Nesse momento eu falei assim: “Puxa vida, agora só vou dar aula, né, não tem mais outra coisa.” Comecei a procurar emprego, estava muito difícil de alguém contratar e acabei sobrevivendo alguns meses só com aula e ganhando muito pouco naquela época. Não dava para pagar as contas. Mas depois aparece uma aula aqui mais uma aula ali e tal e a gente vai enchendo a grade da gente. Encontrei outro emprego, não é, comecei a trabalhar novamente, mas só que aí já com um provento em aulas maior que antes. E o gosto foi aumentando, aumentando, até que em 1996, 6 anos depois, teve uma eleição para direção, me candidatei, ganhei e fiquei já como diretor, senti que não poderia deixar a faculdade e a separação foi natural...

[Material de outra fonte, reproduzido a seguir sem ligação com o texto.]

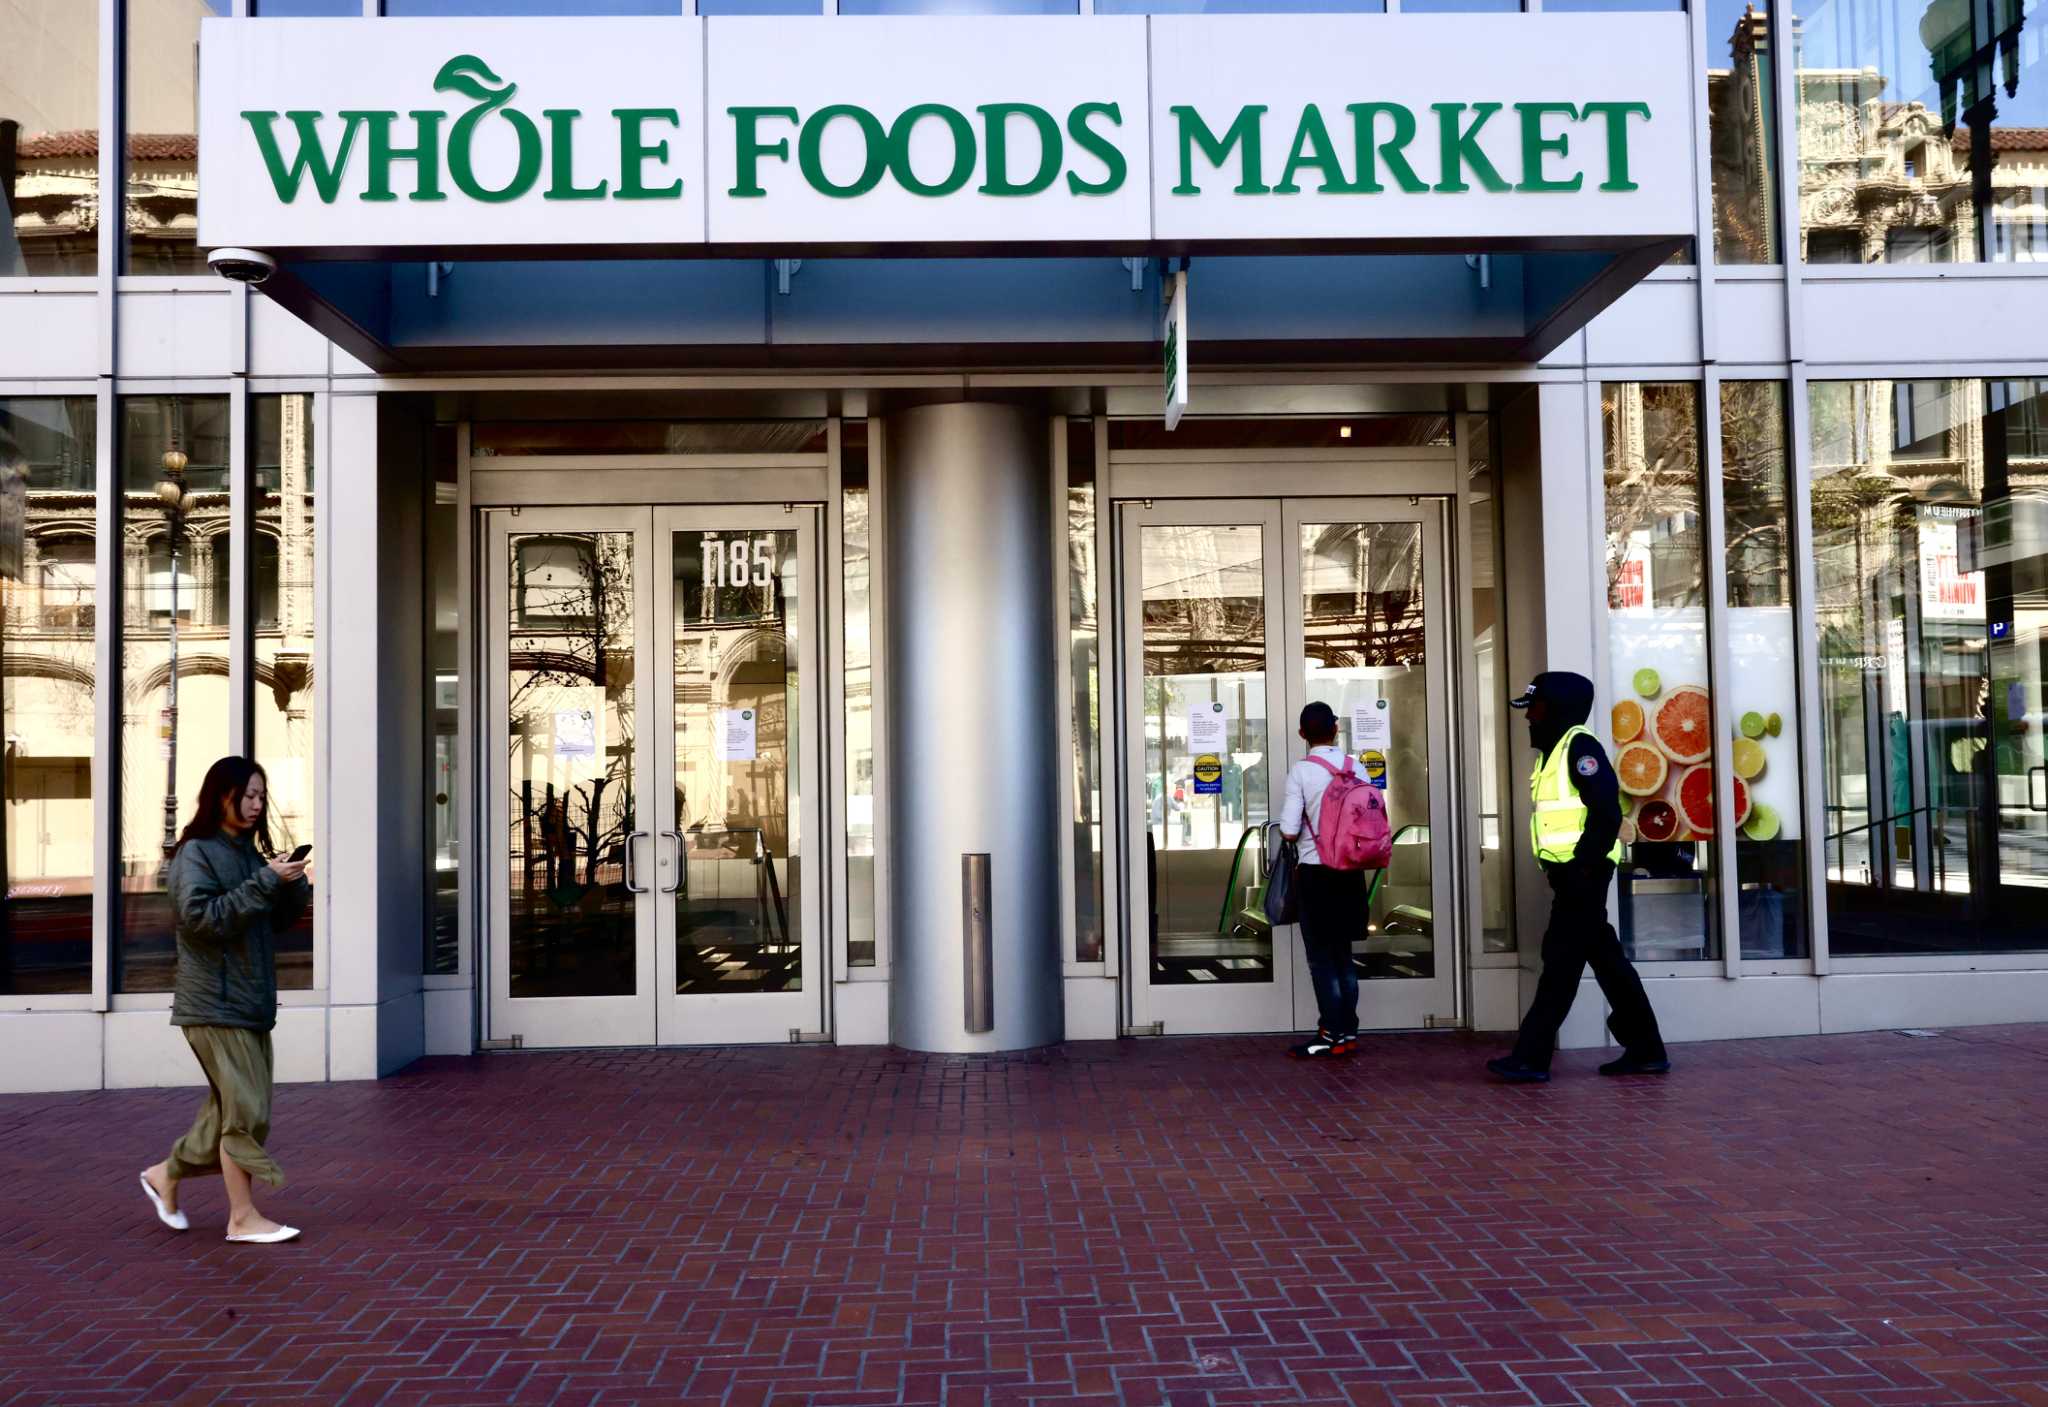 Months before Whole Foods closed S.F store, man died there of overdose

Concernente à exposição do professor Luís, o desemprego o motivou a continuar dando aula, apesar de ele considerar não estar empregado: “Puxa vida agora só vou dar aula, não tem mais outra coisa.” Comecei a procurar emprego, estava muito difícil de alguém contratar e acabei sobrevivendo alguns meses só com aula e ganhando muito pouco naquela época. O que podemos apreender de seu discurso é que ele não via na docência uma profissão, possivelmente por não ter sido seu foco no início de sua carreira.

Na caminhada do professor Gabriel, encontramos outras razões para ter permanecido na docência, além do complemento de renda: ter gostado da atividade.

É... Foi vamos dizer talvez o acaso, não é, foi o colega que começou a comentar e eu pensava numa complementação de renda e acabei entrando, e gostando. Então foi assim, não é que eu vou ser professor, não é, vou estudar para ser professor, não, não teve isso.

No terceiro eixo norteador, as razões para permanência na docência partem de trilhos diferentes, há motivos ocultos, os quais podemos somente tecer hipóteses, há aqueles cuja descoberta pelo “gostar” nos sinaliza para o exercício da docência sem expectativas e, há ainda a docência como única atividade que restou devido ao desemprego. Sem sombra de dúvidas, a prevalência de razões de ordem do sentir influenciando o pensar e o agir. Os depoimentos dos três professores sobre sua trajetória profissional e seu envolvimento com a carreira remetem a dois autores que nos ajudam a compreendê-los: Tardif (2000) e Canário (1998).

Ao discutir resultados de pesquisas sobre o trabalho docente, Tardif (2000) conclui que: os saberes profissionais dos professores são temporais porque boa parte do que sabem sobre sua prática provém de sua própria história de vida e particularmente de sua história de vida escolar; os saberes profissionais se desenvolvem no âmbito da carreira na qual se faz a socialização profissional; os saberes profissionais dos professores são plurais e heterogêneos porque vêm de diversas fontes: da cultura pessoal, de conhecimentos universitários, de conhecimentos adquiridos na formação de conhecimentos decorrentes da experiência de trabalho, do contato com outros professores; os saberes profissionais dos professores são personalizados e situados porque os professores são pessoas e lidam com pessoas em um determinado contexto organizacional.

Canário (1998) argumenta que a escola é o lugar onde os professores aprendem porque é o lugar onde os saberes e as experiências são trocadas, validadas, apropriadas ou rejeitadas.